Surface Classifications
Classification | Examples |
---|---|
Orientable/Non Orientable | Torus is orientable, Klien Bottle is not |
Closed/Open | Sphere is closed, Plane is open |
Manifold/Non-Manifold | Sphere is manifold, Cone is non-manifold |
Topological Classification
- Topological Equivalence: Two surfaces are topologically equivalent if one can be deformed into the other without any cuts or gluing.
- Genus: Maximum Number of cuttings along non-intersecting closed curves that can be made without separating the surface.
Operational Classification
- Evaluation: The sampling of the surface geometry or other surface properties.
- Modification: A surface can be changed in terms of geometry(deformations) or topology(cuts, gluing).

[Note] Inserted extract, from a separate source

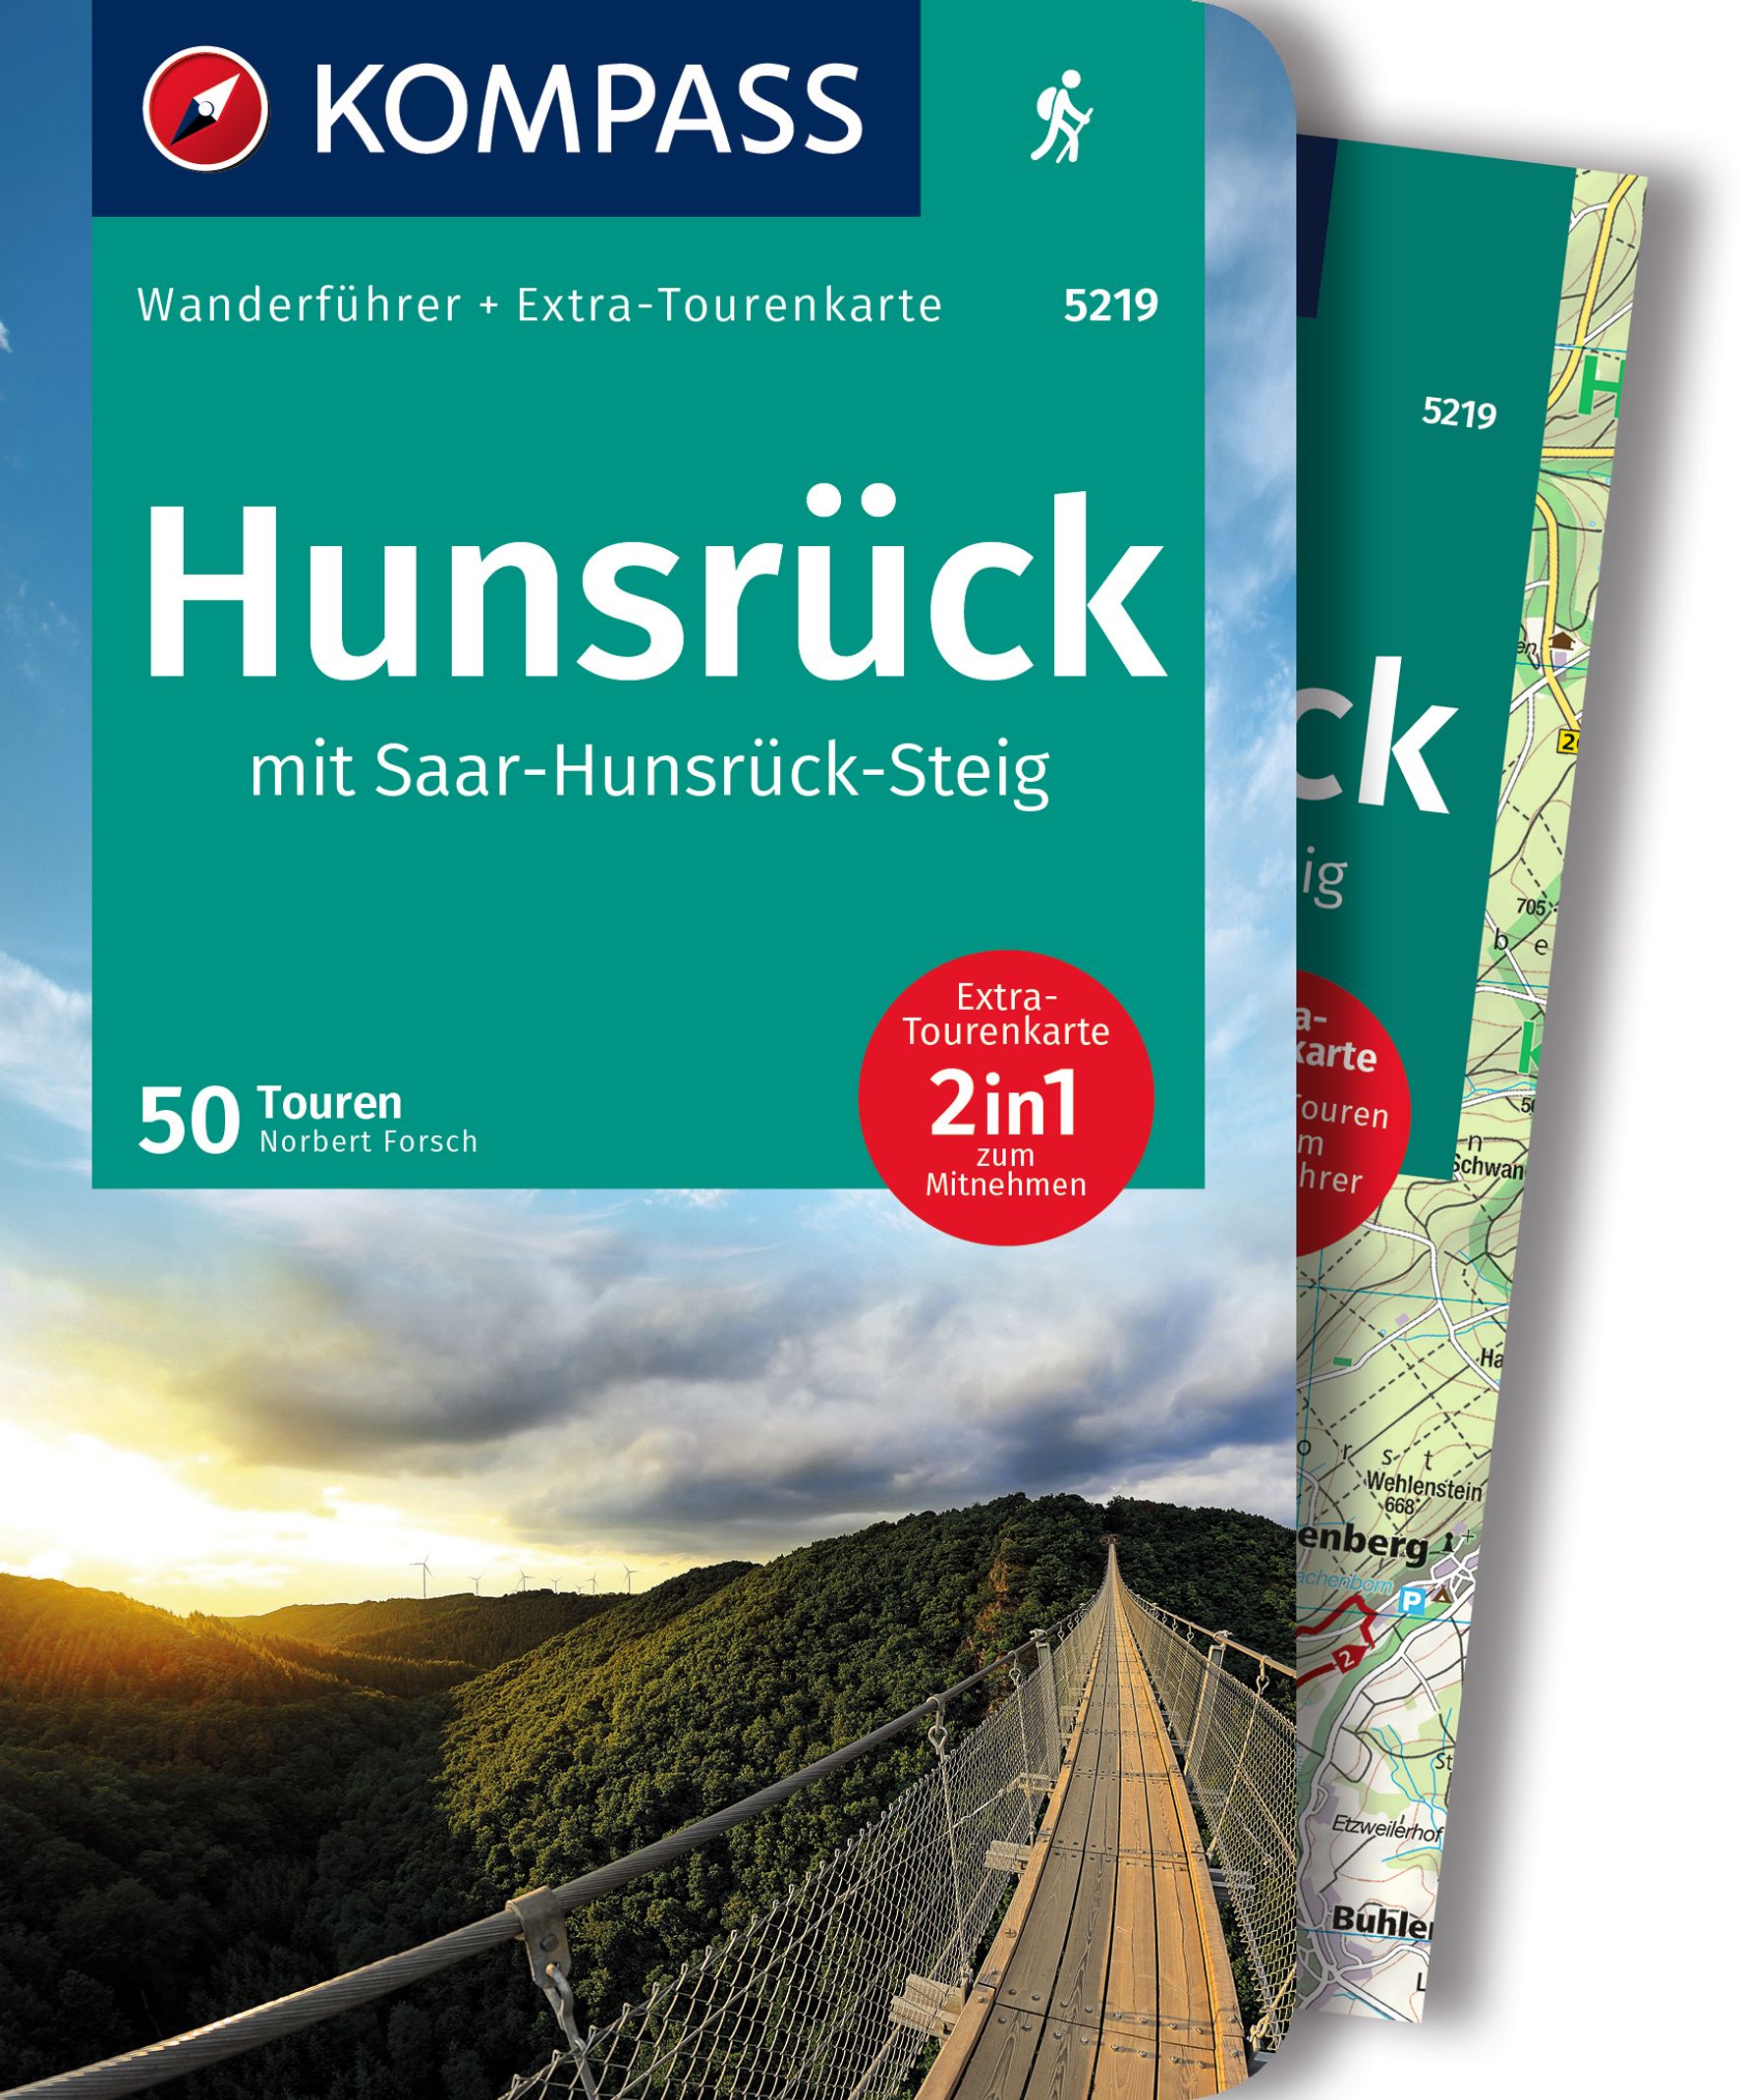 MAIRDUMONT Hunsrück mit Saar-Hunsrück-Steig, 50 Touren

- Query: Spacial queries to determine if given point is inside or outside the solid bounded by the surface, or distance of point from the surface.
Surface Representation
- Implicit Surfaces: Defined as the set of points satisfying an equation \(f(x, y, z) = 0\).
- Parametric Surfaces: \(S(u, v) = (x(u, v), y(u, v), z(u, v))\) where \(S: \mathbb{R}^2 \rightarrow \mathbb{R}^3\).
Volume Representation
Uniform Grid
- Trivial 3D grid where each cell is a cube, and it stores certain data, like color, density, etc. Used in medical imaging, many GPU applications, etc.
Construction:
- Find the bounding box of the object.
- Define grid resolution (manual or automatic).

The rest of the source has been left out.